→ **WORK INSTRUCTION**
Write out the entire listing below exactly as it appears, minus any pictures.

→ **EXERCISE DATA**
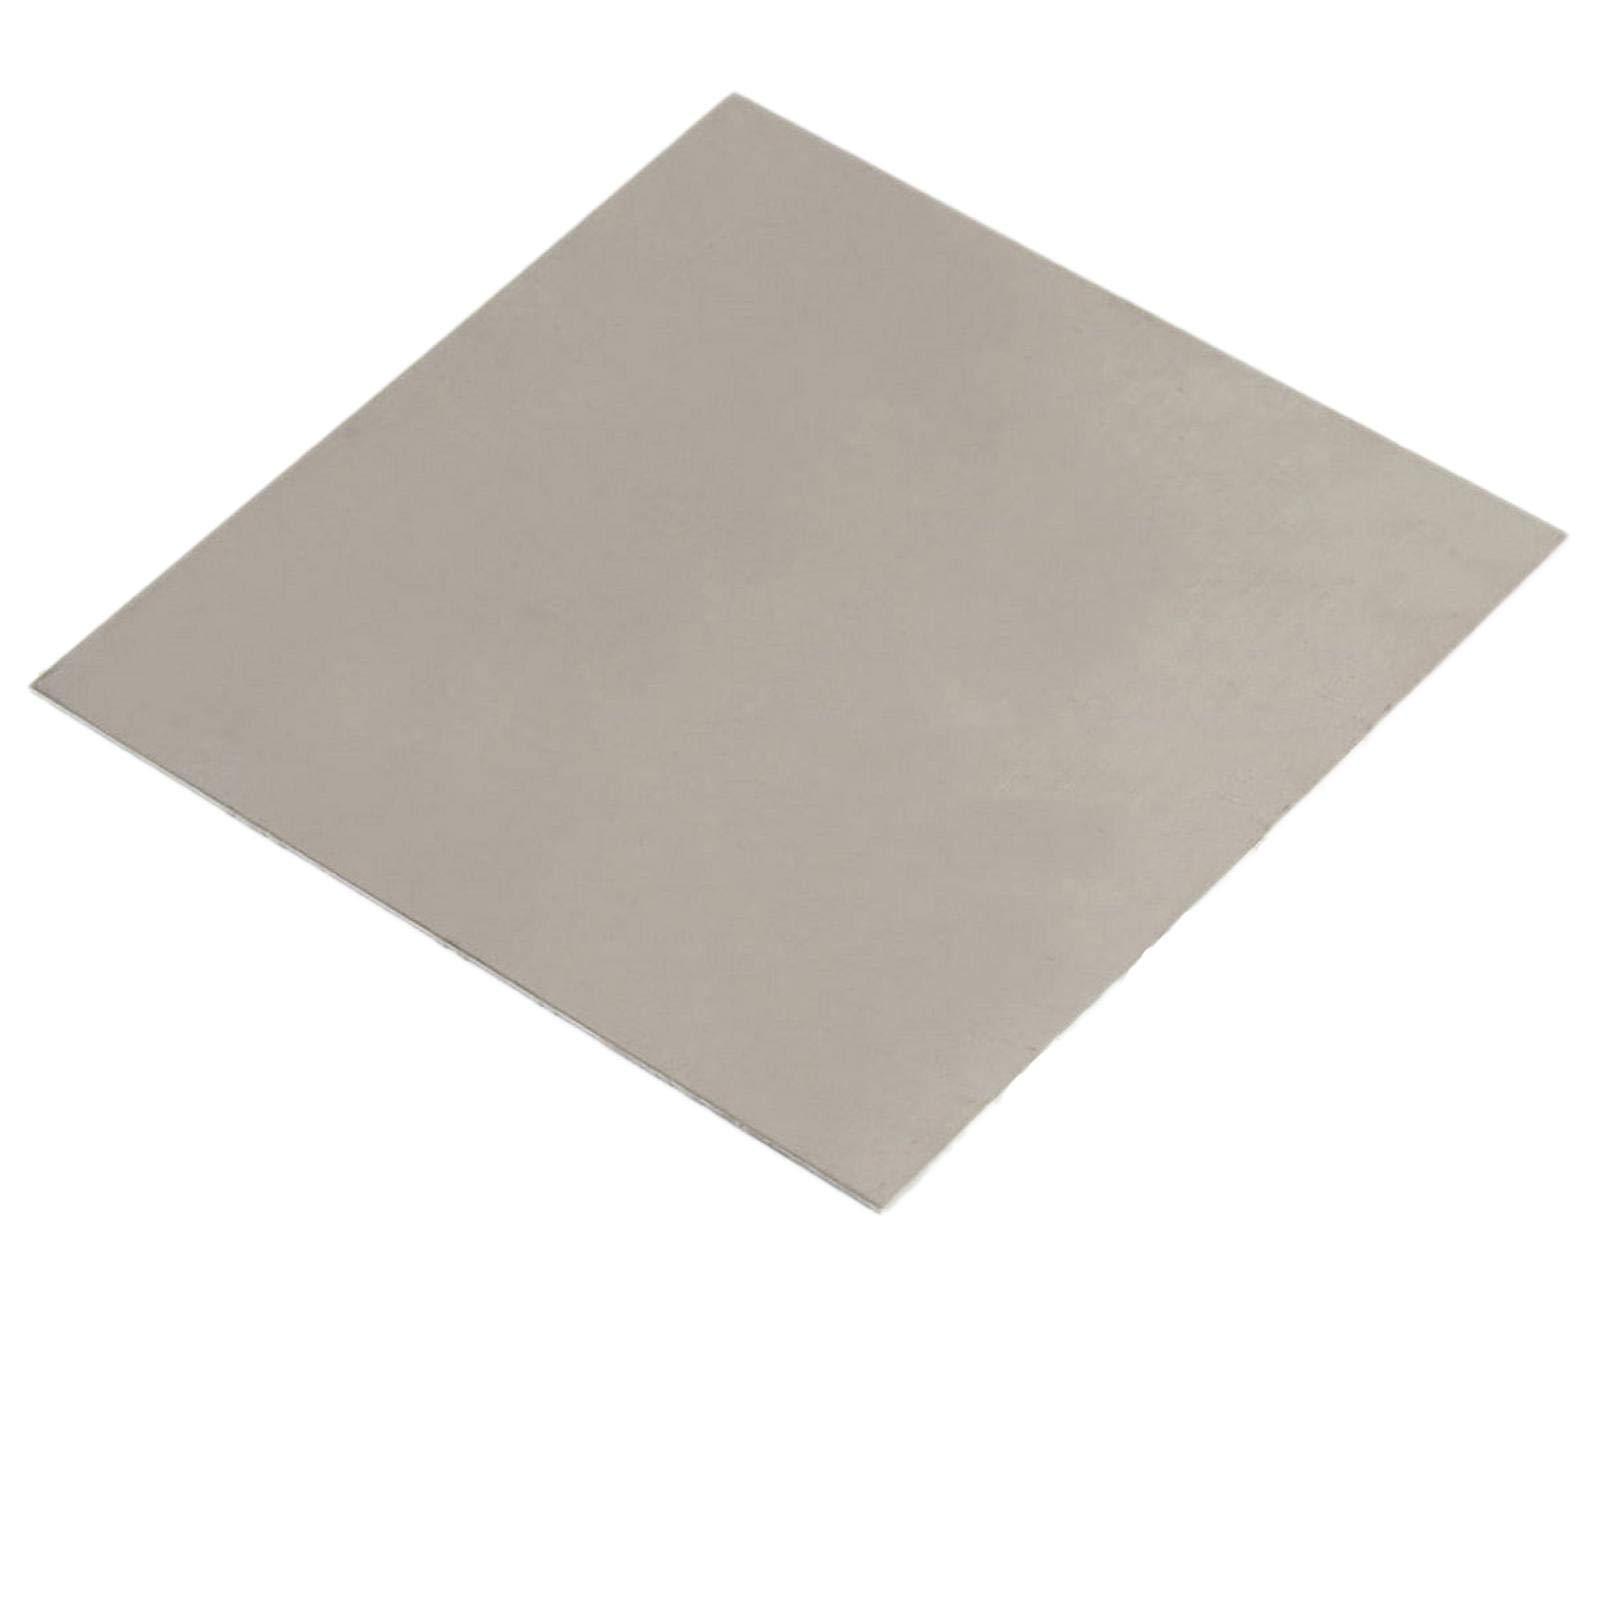 1.5mm x 200mm x 200mm Titanium Plate Ti Titan TC4 Gr5 Plate Sheet Foil by Yodaoke
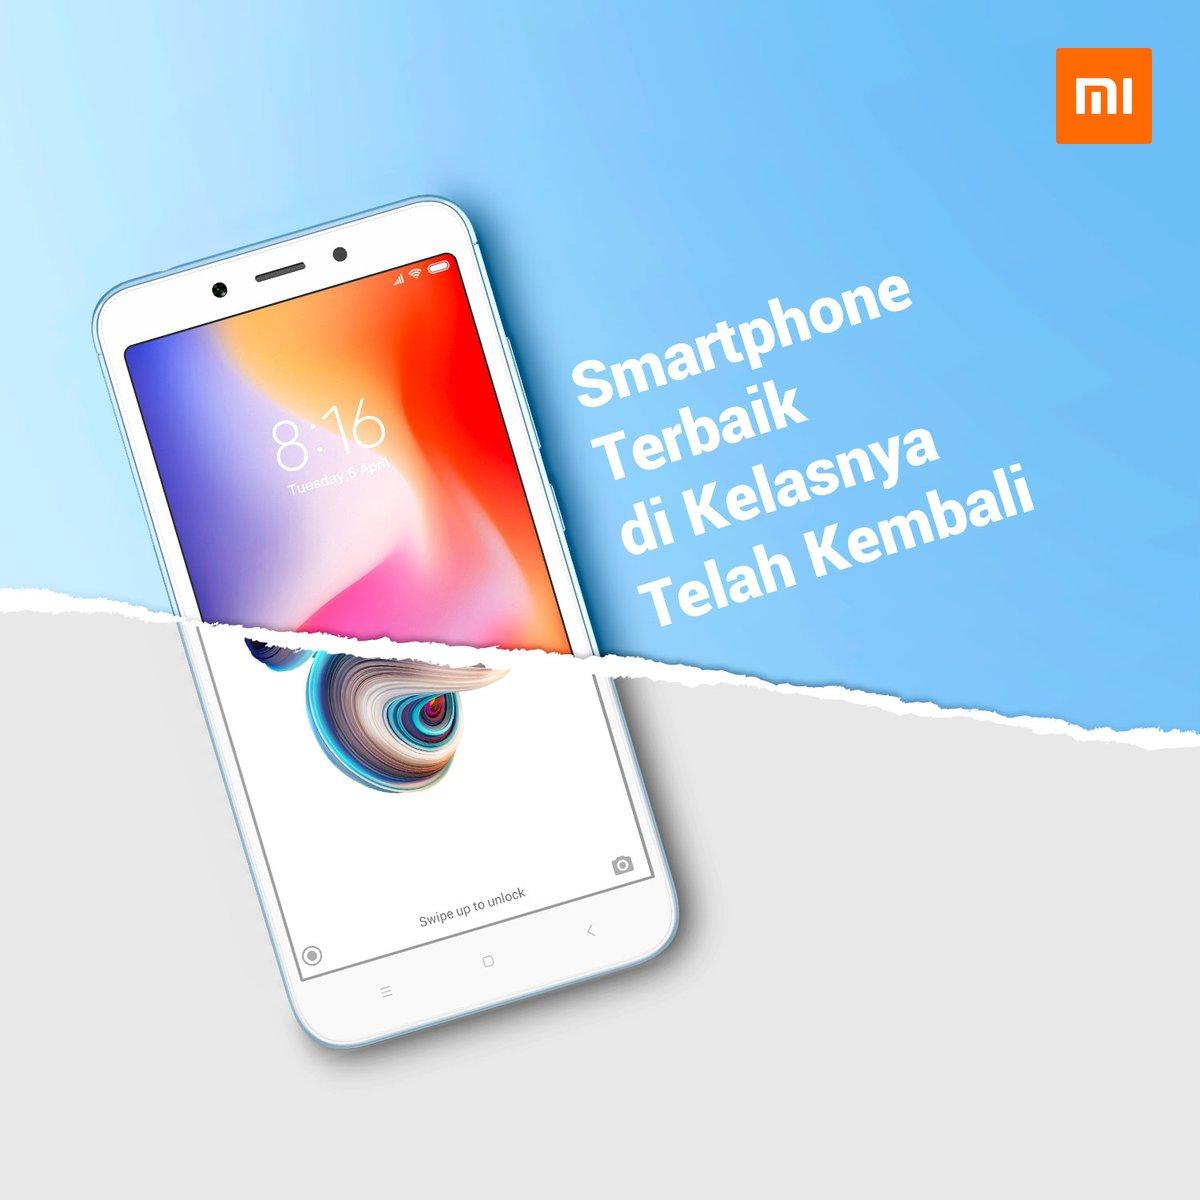 Xiaomi Redmi 6A Segera Hadir di Indonesia, Siap Teruskan Kesuksesan Redmi 5A! 7
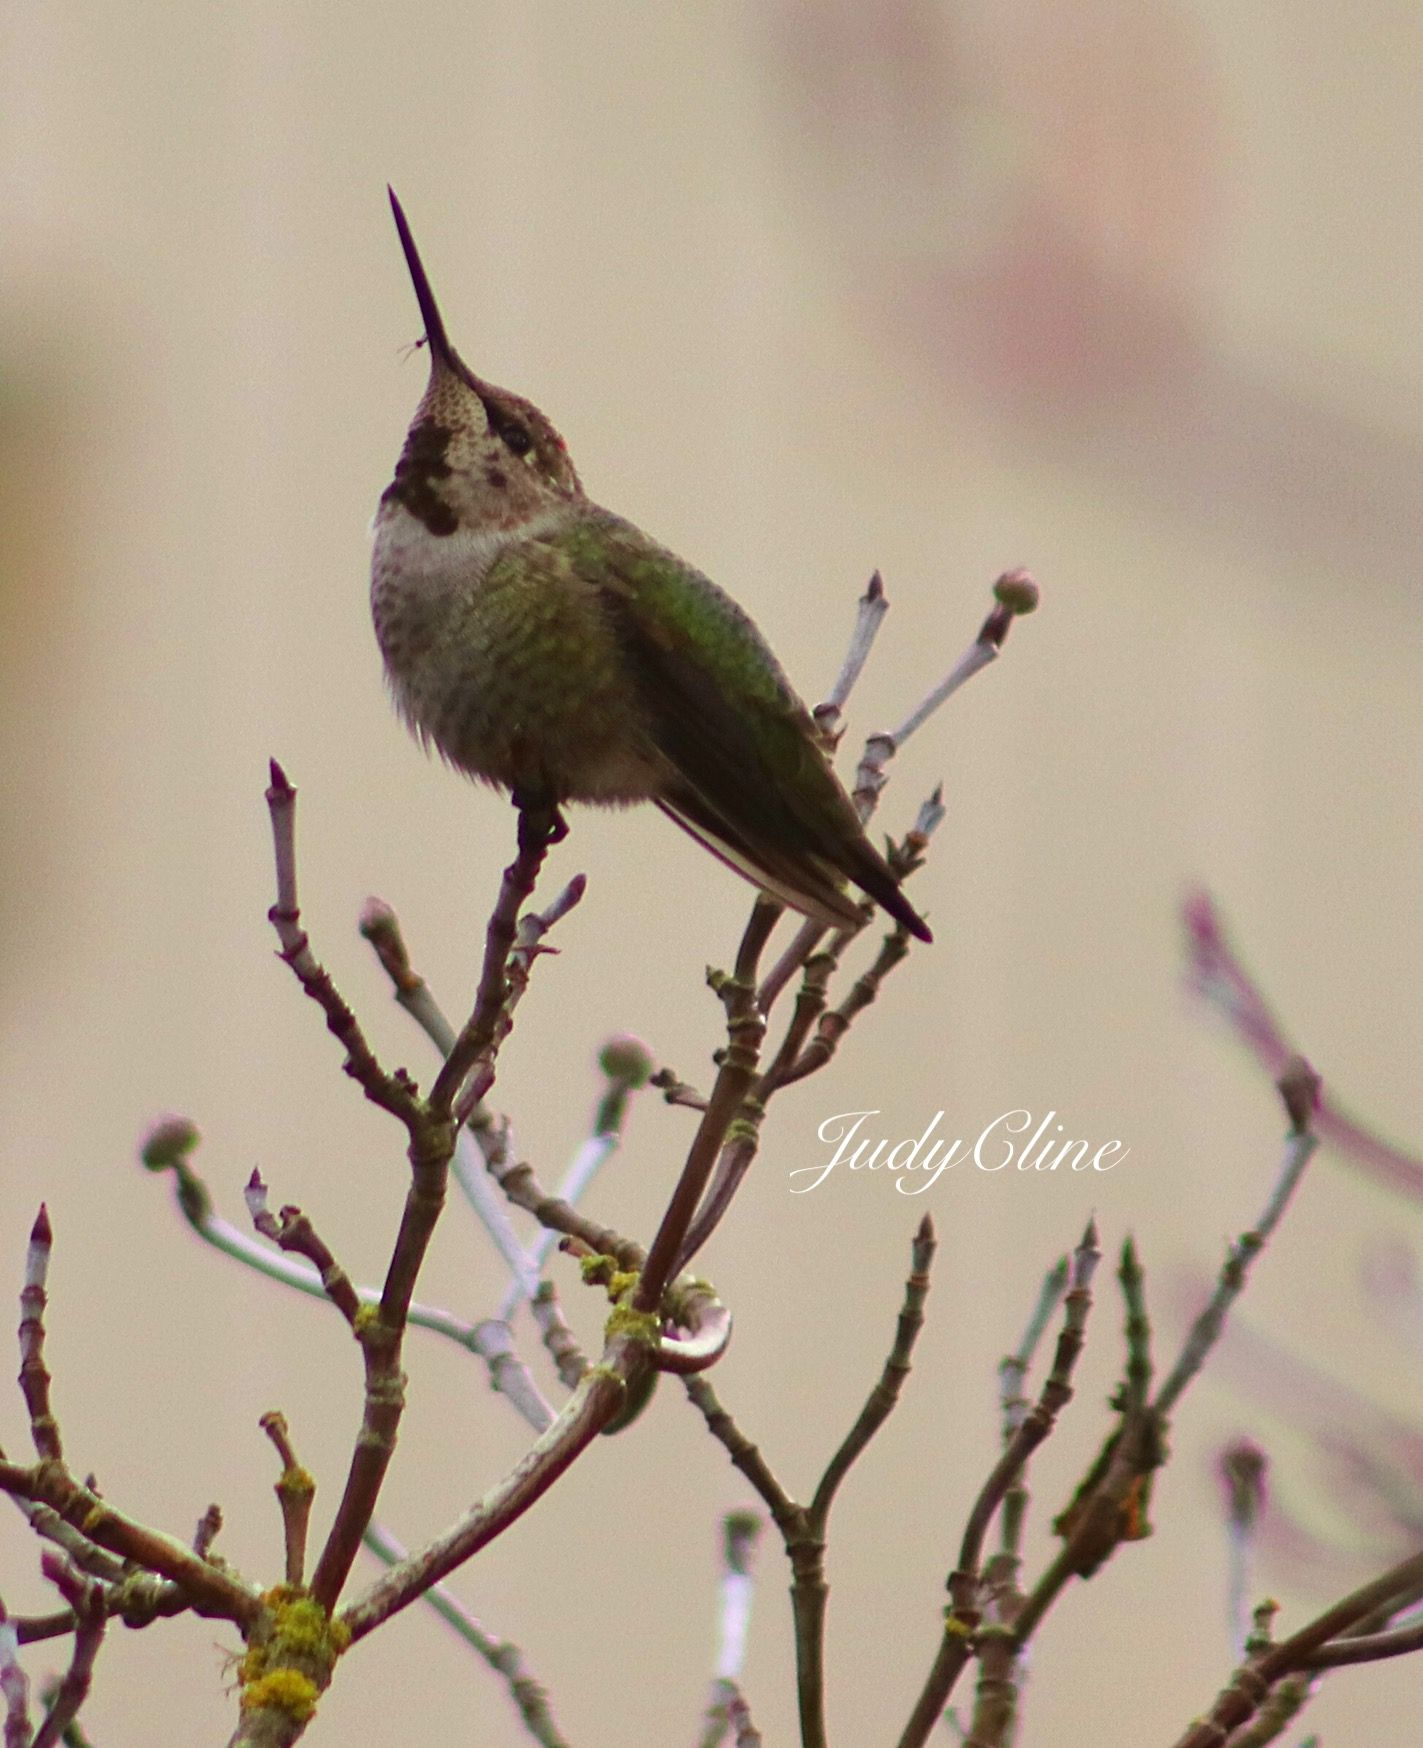 Anna S Hummingbird Washington State Judycline 11 5

→ **YOUR RESPONSE**
 1.5mm x 200mm x 200mm Titanium Plate Ti Titan TC4 Gr5 Plate Sheet Foil by Yodaoke
 Xiaomi Redmi 6A Segera Hadir di Indonesia, Siap Teruskan Kesuksesan Redmi 5A! 7
 Anna S Hummingbird Washington State Judycline 11 5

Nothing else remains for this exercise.